Florida Solar Workers' Comp - Rates, Codes, and What You're Actually Paying For
Florida is one of the top three solar markets in the US. After the federal Inflation Reduction Act passed in 2022, residential solar installations accelerated dramatically - and the labor force building those systems grew with it. More installers means more workers' comp exposure, and carriers have been paying close attention to solar classification ever since.
The primary NCCI classification for rooftop solar PV installation is Code 5191 - Electrical Apparatus Installation/Low Voltage. The 2026 filed rate is $0.83/100 of payroll. Some carriers, particularly for residential solar with significant panel wiring, assign Code 5190 - Electrical Wiring within Buildings at $2.97/100 instead.
The difference between those two codes is not trivial at scale. A solar company with $500,000 in annual payroll is looking at a rate difference of $10,700/year between code 5190 and 5191. Knowing which code your carrier uses - and why - is part of managing your workers' comp cost.
| Code | Description | 2026 Rate | When Used |
|---|---|---|---|
| 5191 | Electrical Apparatus Installation/Low Voltage | $0.83 | Most rooftop solar PV - panels, inverters, DC wiring, monitoring systems |
| 5190 | Electrical Wiring within Buildings | $2.97 | Some carriers use for solar with substantial AC wiring inside structures |
The Real Risk: Falls, Heat, and the Florida Rooftop Environment
The #1 workers' comp claim type for solar installers is falls. Full stop. Rooftop solar means your crews are on pitched residential roofs or flat commercial roofs all day, carrying panels that weigh 40-50 lbs each, in Florida heat. The combination of physical fatigue, heat, and roofline exposure produces falls that result in serious injuries.
- Rooftop falls - OSHA 1926 fall protection requirements apply. Residential roofs over 6 feet require fall protection; commercial roofs require it universally. Solar installation frequently happens on both. Citations are common; claims are expensive. A single rooftop fall with serious injury can exceed $200,000 in workers' comp costs.

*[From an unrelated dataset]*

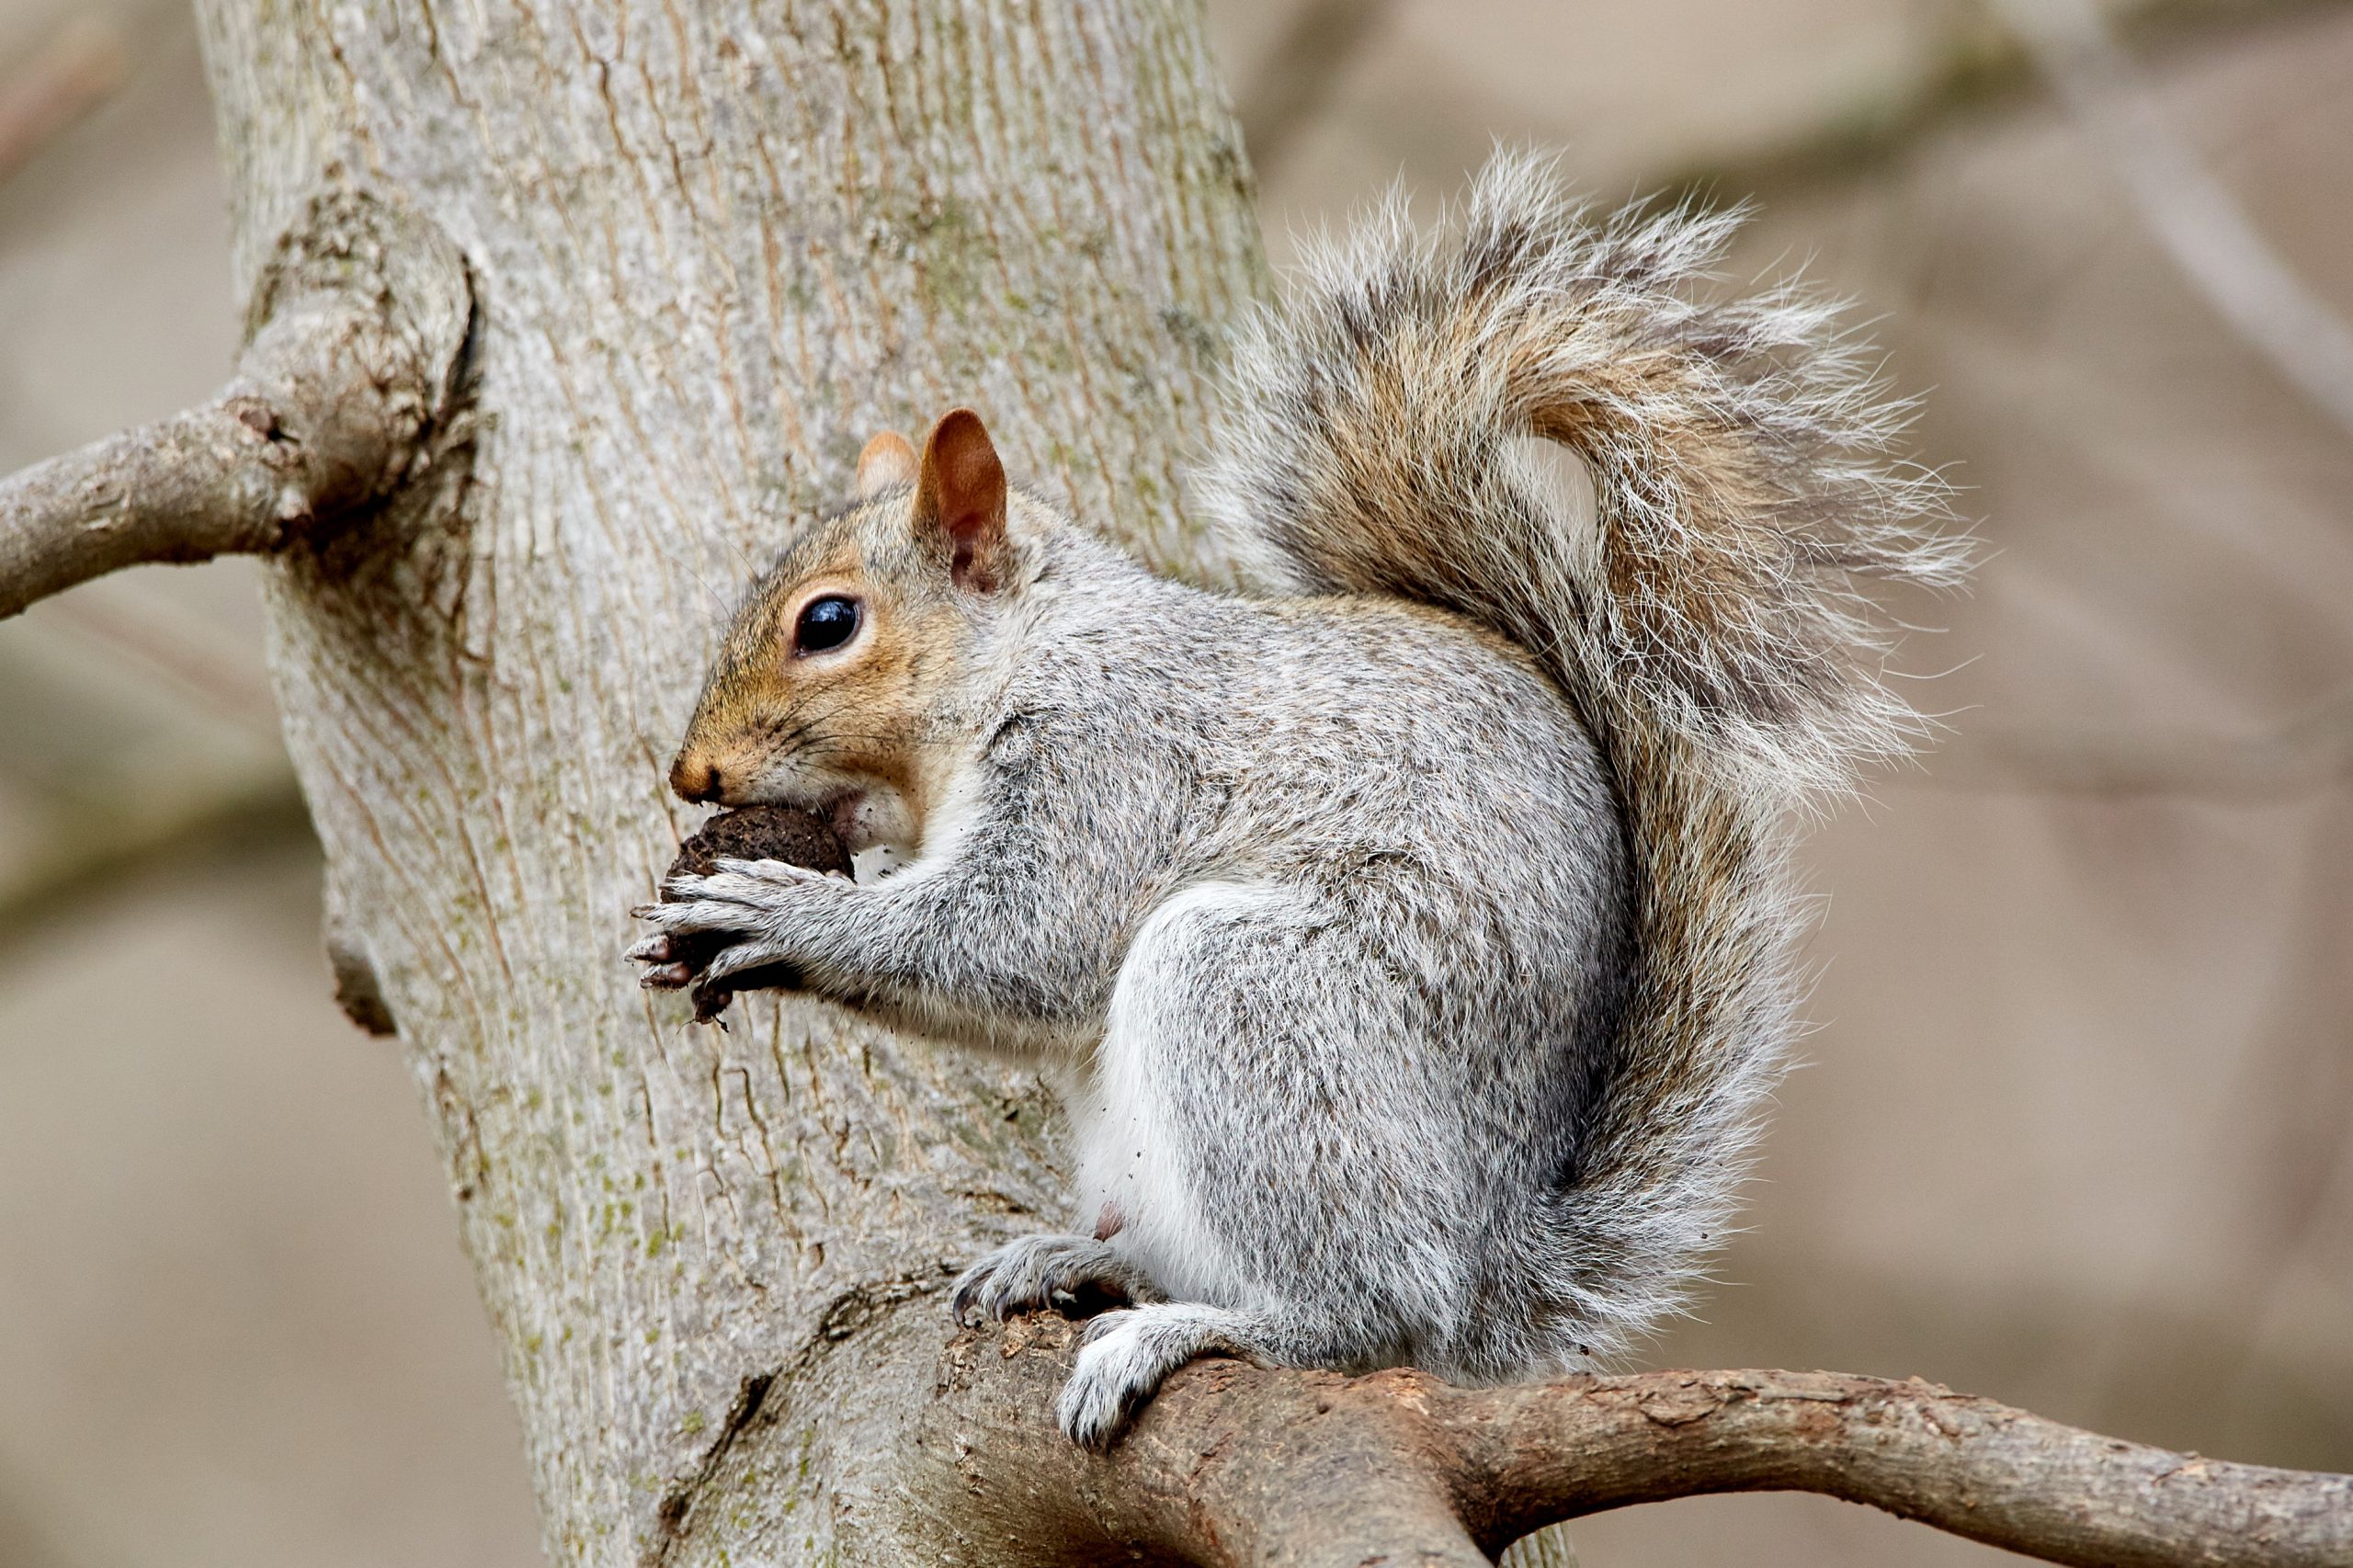 Feed your squirrel: How storytelling to one client makes your brand universally loveable
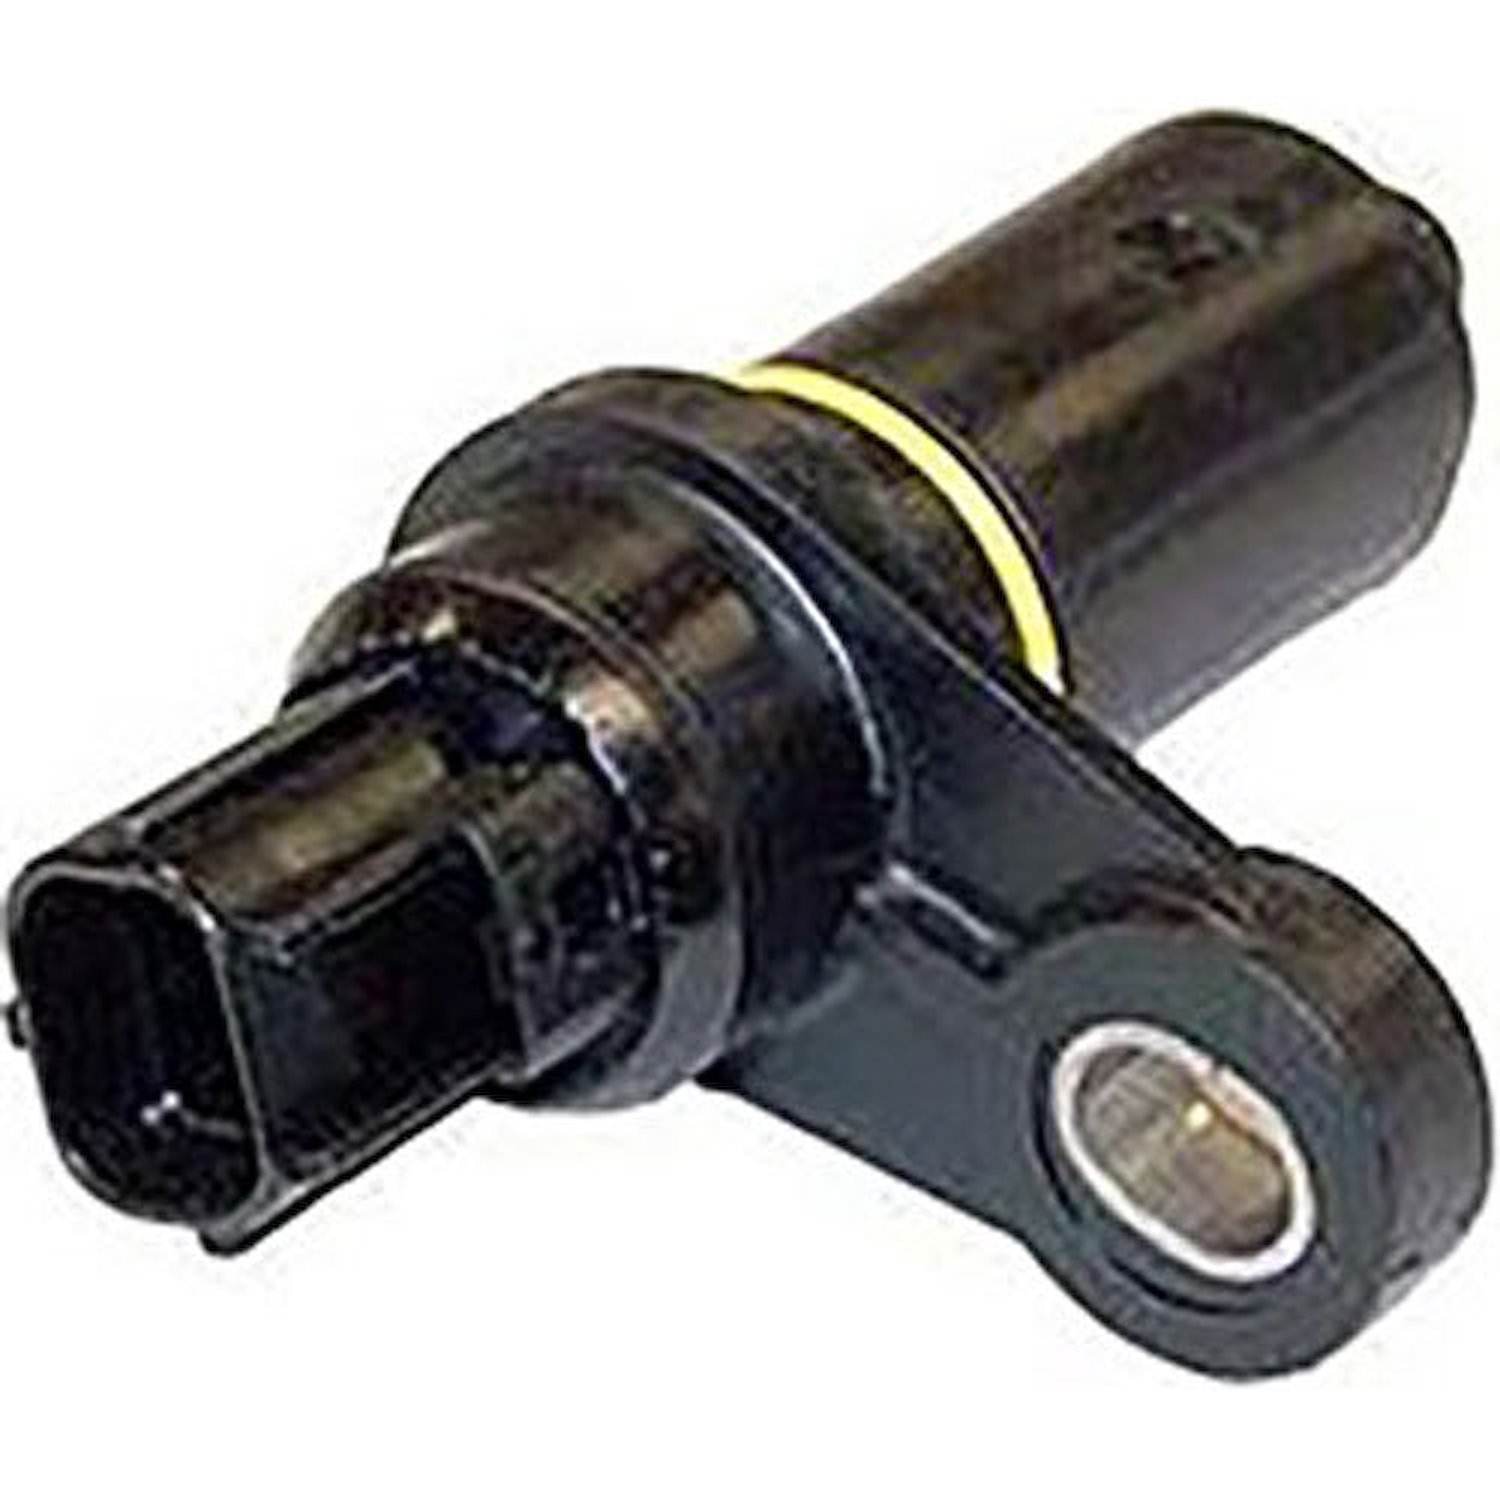 This vehicle speed sensor transmission output sensor from Omix-ADA fits 03-11 Jeep Libertys and Wran

- Heat illness - Florida solar installers work in direct sun, on surfaces that reflect and absorb heat simultaneously. A dark shingle roof in July in Central Florida can reach 170-180°F surface temperature. Working on that surface while carrying panels is extreme heat exposure. Heat exhaustion happens fast when workers are not acclimated or not hydrating properly.
- Panel handling injuries - cuts from panel frames and mounting hardware are frequent. Back and shoulder strain from repetitive lifting and positioning of panels on sloped surfaces is the second most common claim type after falls. Wrist and hand injuries from ratchet guns and conduit work round out the picture.
- Electrical hazards - solar panels generate DC current the moment sunlight hits them. There is no "off" switch for a panel exposed to light. Installers working on live DC circuits face shock exposure that differs from standard AC work. DC arc flash is also a different hazard than AC.
- Silica exposure - concrete tile roofs common in Florida require drilling for mounting hardware. Concrete dust contains crystalline silica. OSHA's silica rule applies; wet cutting methods and respiratory protection are required but not always followed.
Florida Solar Market - The Numbers Driving Your Risk Exposure
Florida installed more than 1.2 GW of new residential solar in 2023 alone, second only to California. FPL, Duke, and TECO territory each has specific interconnection requirements and net metering rules that affect how installations are wired and permitted - but they all use the same workers on the same rooftops. The post-IRA solar boom created a shortage of experienced installers, which means many crews include newer workers with less rooftop experience. That translates directly into higher claim frequency for growing solar companies.
Subcontractor relationships are common in solar - a solar sales company subbing installation to a separate crew is a setup that creates certificate of insurance problems. If the installation sub doesn't have workers' comp and a worker gets hurt, the general solar contractor is the backstop. Florida DFS does not view "they were a sub" as an excuse.